I thank the hon. Gentleman very much for his kind words and support.
This issue is of great importance to a relatively small number of people, but given that the treatment is currently available through NHS England, to withdraw it on the basis of an apparently flawed assessment would cause concern among a much wider community, as it might be seen as setting a precedent for decisions on other treatments in future. I would welcome the Minister’s comments on that.
Secondly, although it is well known that Duodopa is more expensive than some other therapies, it is not offered to everyone, and we believe that some of the economic modelling does not take into account the discounts that the manufacturer offers NHS England.
Duodopa was classified by the EU as an orphan treatment, meaning that the number of people for whom it is a suitable treatment is fewer than five in 10,000. There are known issues with using standard health technology assessment methodology to evaluate the efficacy of orphan medications—issues that are thought to place orphan medicines at a disadvantage compared with treatments in more widespread use.
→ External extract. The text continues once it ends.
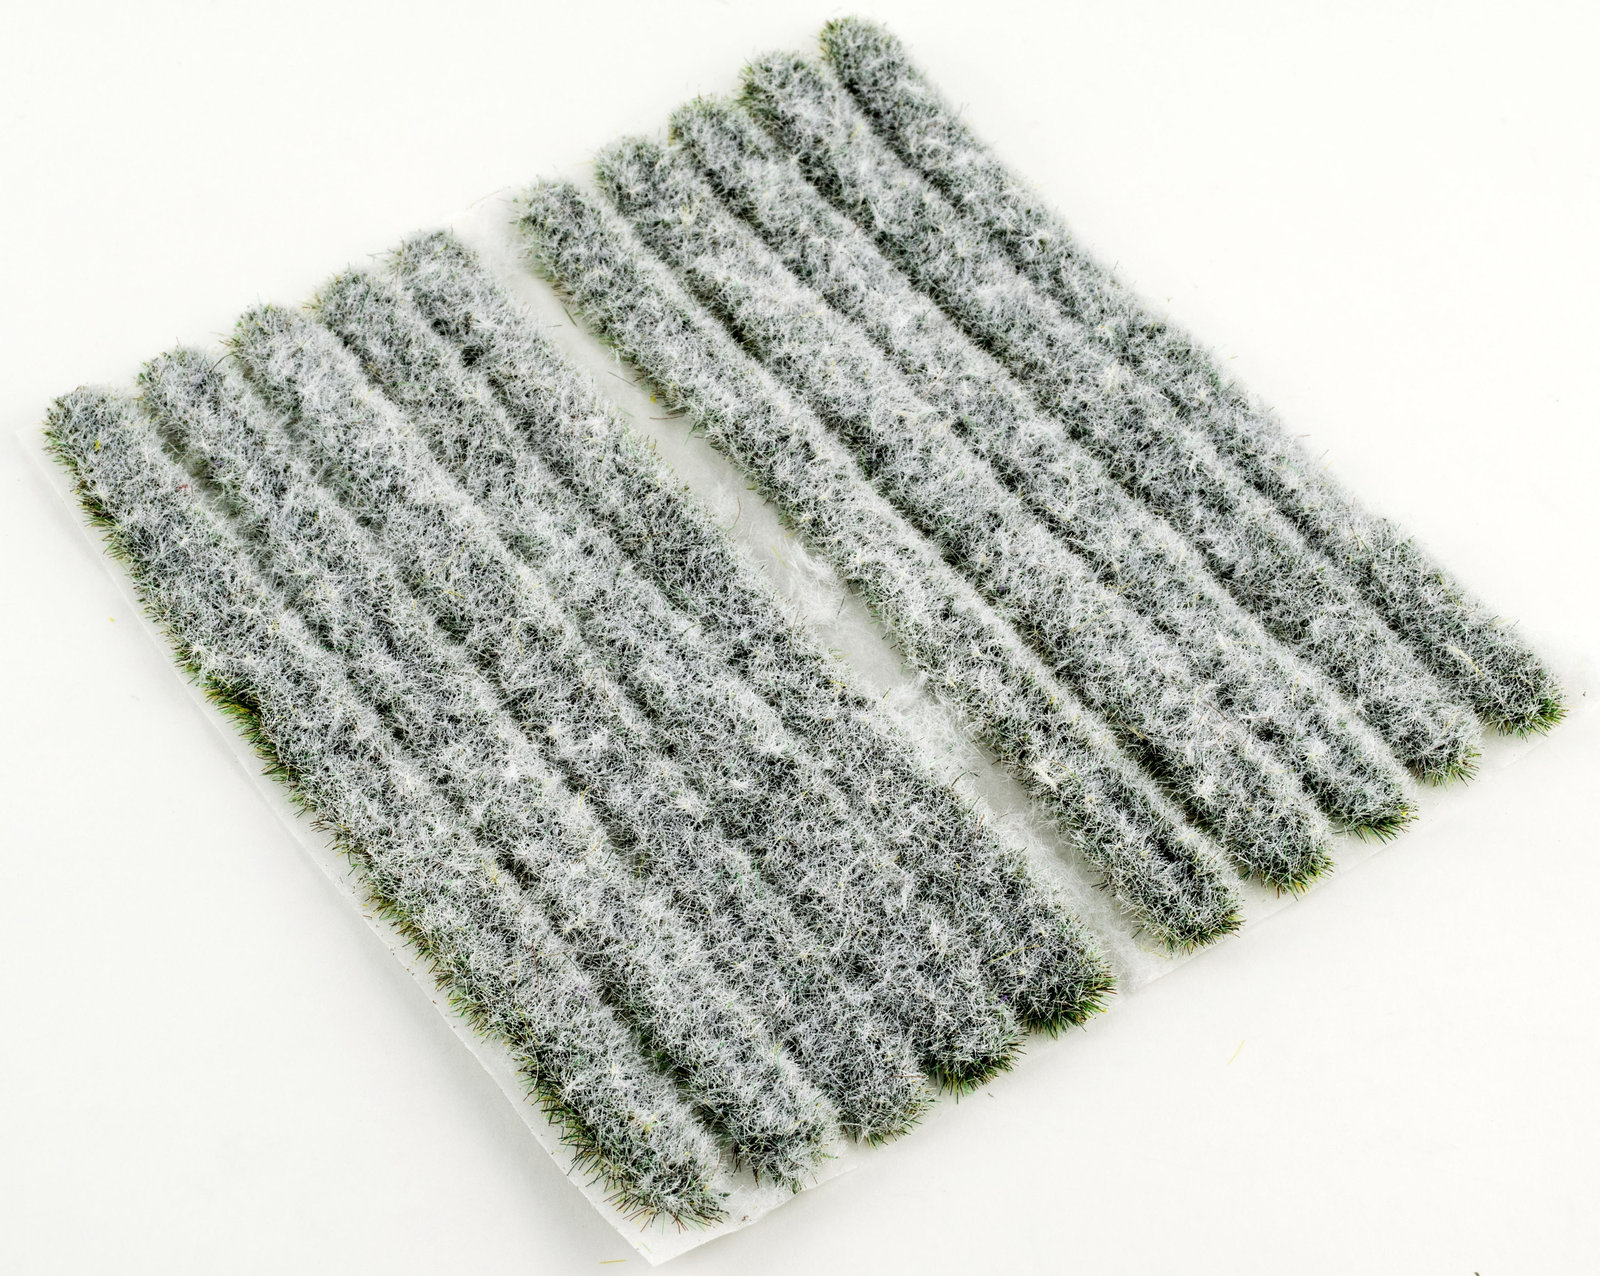 4mm Iced Winter Static Grass Strips x 10 by WWS - Model Railway Diorama Scenery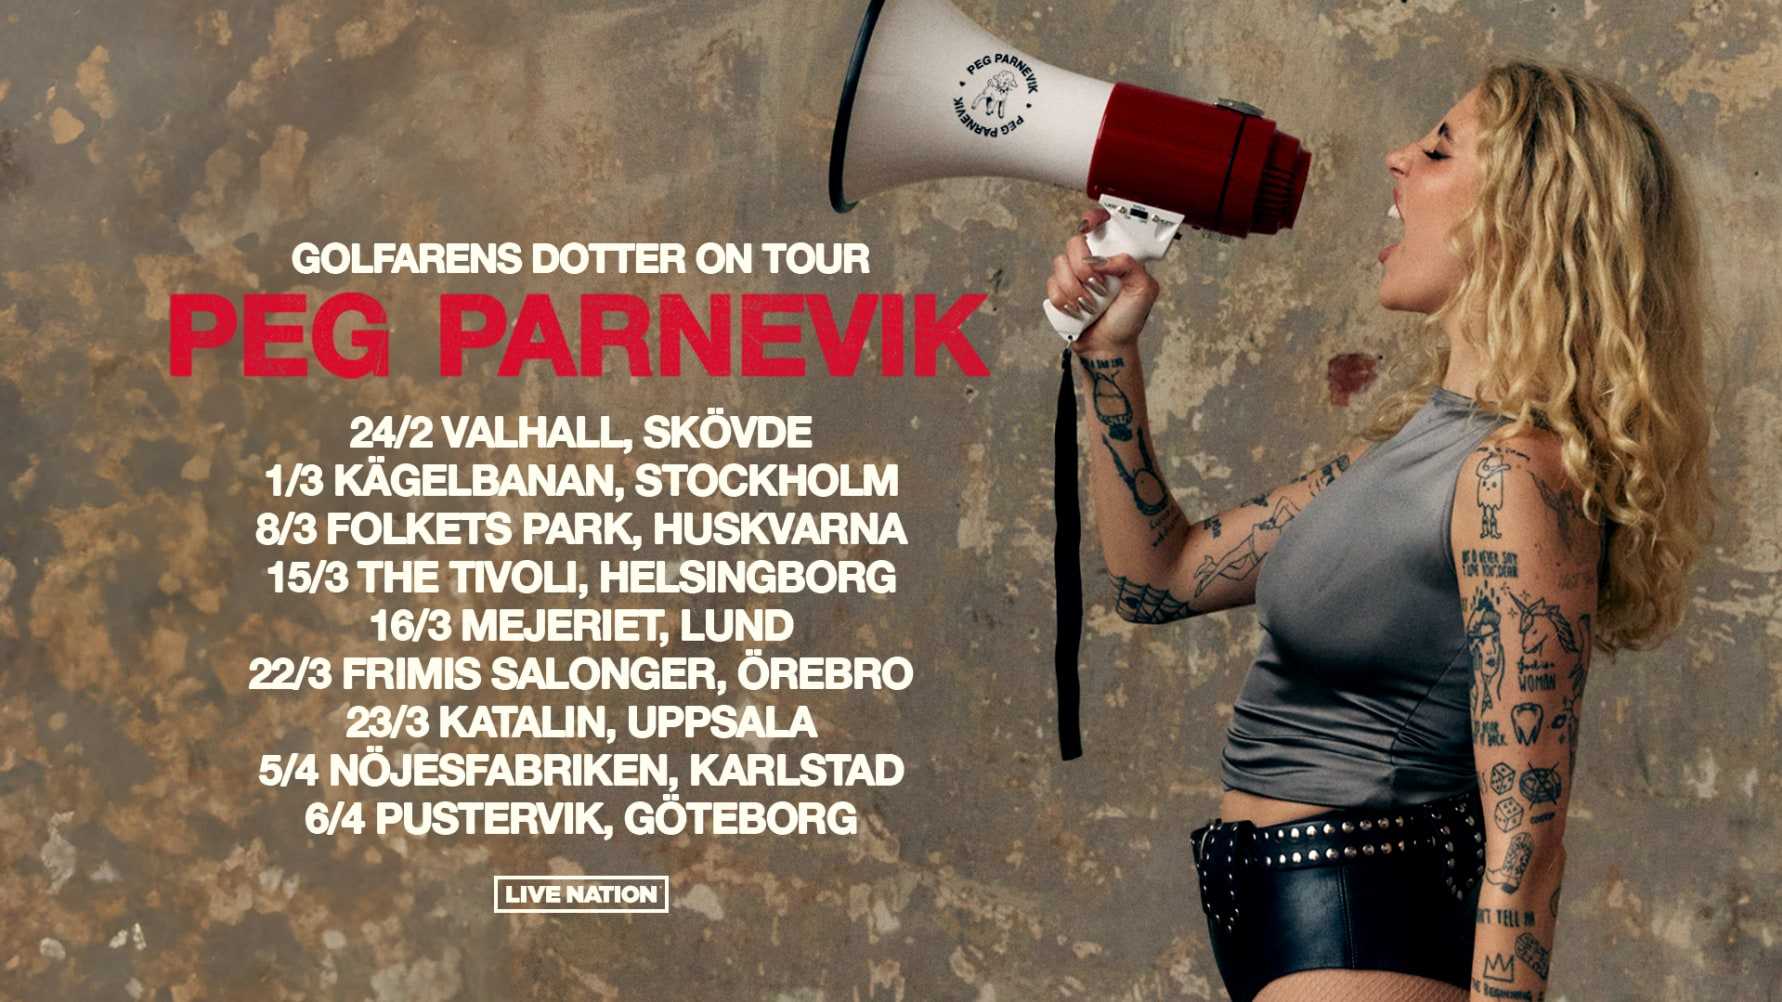 PEG PARNEVIK ÅKER PÅ VÅRTURNÉ – GOLFARENS DOTTER ON TOUR

In Scotland, Duodopa was considered by the Scottish Medicines Consortium and approved on the basis of its processes for evaluating orphan treatments. NICE concluded that for Duodopa the cost per quality-adjusted life year—the generic measure of the value for money of medical interventions, based on quality and quantity of life lived—was more than £500,000, but the SMC concluded that the cost was less than £80,000 when using a calculation appropriate for an orphan drug. Indeed, a recent parliamentary question revealed that, from July 2015 to December 2016, just 75 people in England had been given Duodopa.
Thirdly, if Duodopa treatment is denied, that means there will be increased costs from social care and other things on which the person with Parkinson’s will become dependent, to say nothing of the quality of life or dignity of that person, which cannot be so easily reduced to a monetary figure. As Professor David Burn, the national clinical director for the UK Parkinson’s Excellence Network, has commented:
“To not offer Duodopa as a treatment option is putting people with Parkinson’s in England at a disadvantage compared with other developed countries.”
I acknowledge that the Department of Health has no direct control over NICE, and I recognise that NICE needs to be independent of political considerations. However, since NHS England has in recent years determined that Duodopa can be routinely used for patients where appropriate, and both NHS Scotland and the SMC consider the treatment to be appropriate, NICE appears to be out of step with the prevailing opinion. Specifically, I look forward to the Minister’s guidance on what options are open to the Government when the basis of a proposal made by NICE is so flawed. The consequences of these proposals going ahead would be catastrophic for the dozens of people for whom this drug was their last resort, and would add pressure to an already buckling social care system.